PROBLEM · ARCHITECTURE · OUTCOME
Selected Projects
The kinds of systems I build. Proprietary work is intentionally summarized at an architectural level.
Cloud analysis and automation systems
Problem: Teams need reliable processing and feedback around engineering events and analysis workflows.
What I build: Event-driven systems using infrastructure as code, Lambda workloads, SNS topics and subscriptions, private networking, security groups, IAM policies, and API integrations.

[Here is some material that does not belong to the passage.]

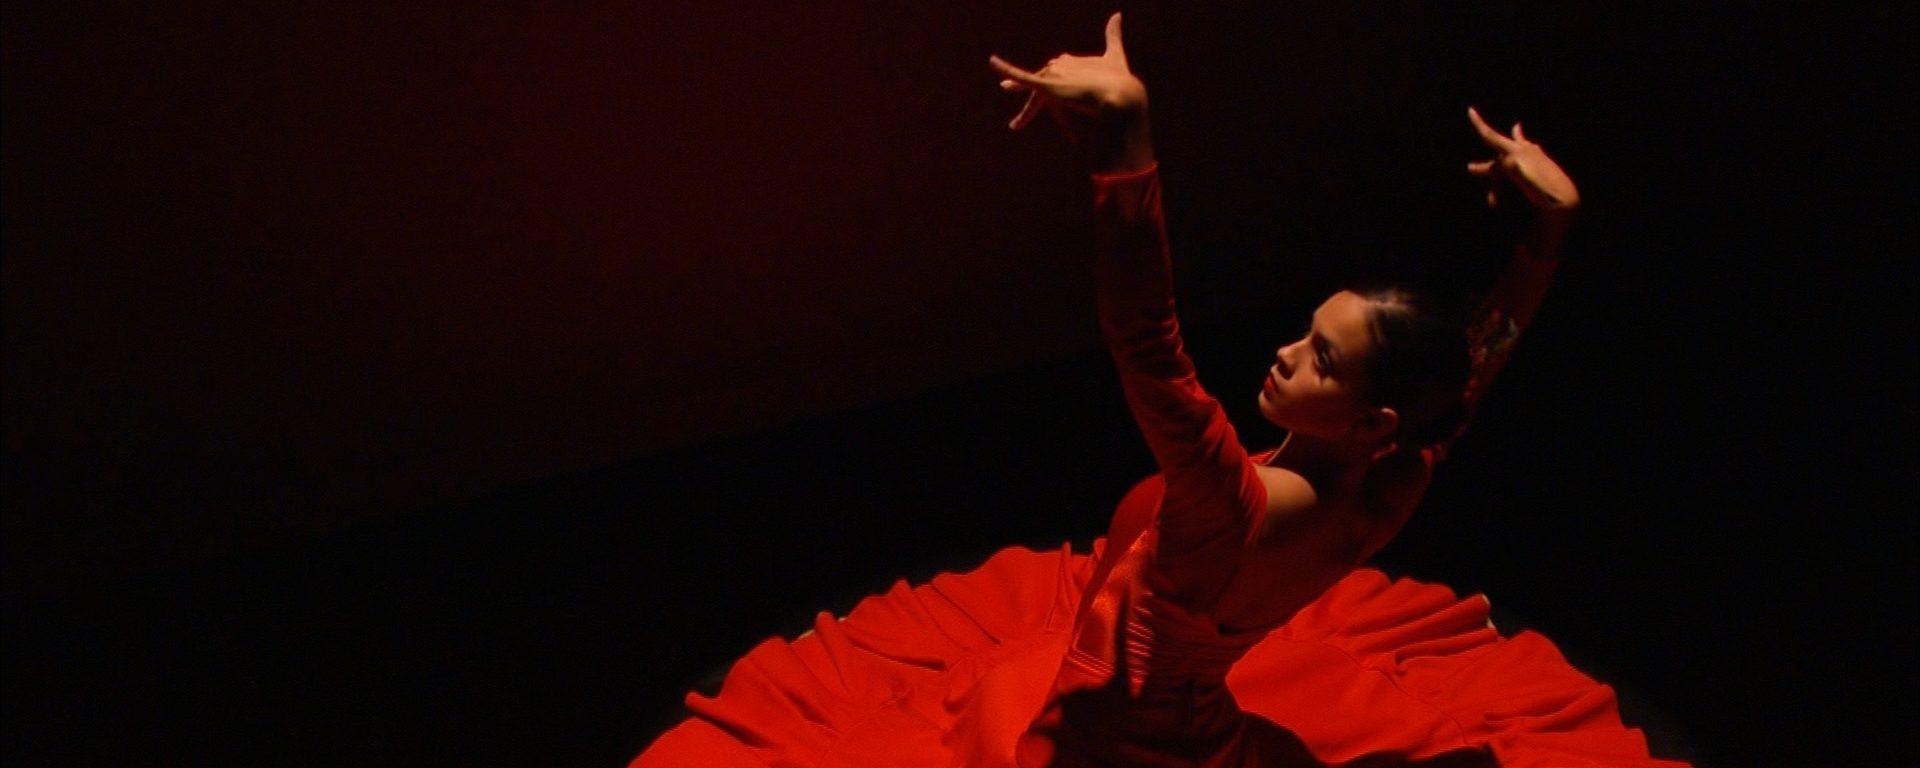 flamenco dance classes u2013 dainfern news

Technology: AWS CDK, TypeScript, Python, Lambda, SNS, VPC, IAM. See the AWS work page →
Quality engineering platforms
Problem: Large product surfaces need consistent validation across services, web experiences, mobile experiences, and device-oriented workflows.
What I build: Automation frameworks, service-level validation, reusable test utilities, and tooling that turns failures into actionable engineering signals.
Technology: Python, TypeScript, JavaScript, GraphQL, Linux, Git, Docker.
AI agents and deterministic benchmarks
Problem: Engineering agents need to be useful, safe, and measurable. A convincing demo is not enough to establish whether an agent is improving.
What I build: Agents for test authoring, code and test migration, validation, and stabilization, supported by generated skills, reusable SOPs, and focused tool access.
Technology: Python, TypeScript, MCP tools, agent skills, benchmark orchestration. See the AI systems page →
Self-hosted automation
Problem: Useful household and personal workflows often span devices, network services, scheduled jobs, and external integrations.
What I build: Button-driven automation and operational tooling with explicit service boundaries, safe deployment, health checks, and recovery paths.
Technology: Python, Bash, Telegram interfaces, Linux, systemd, networking.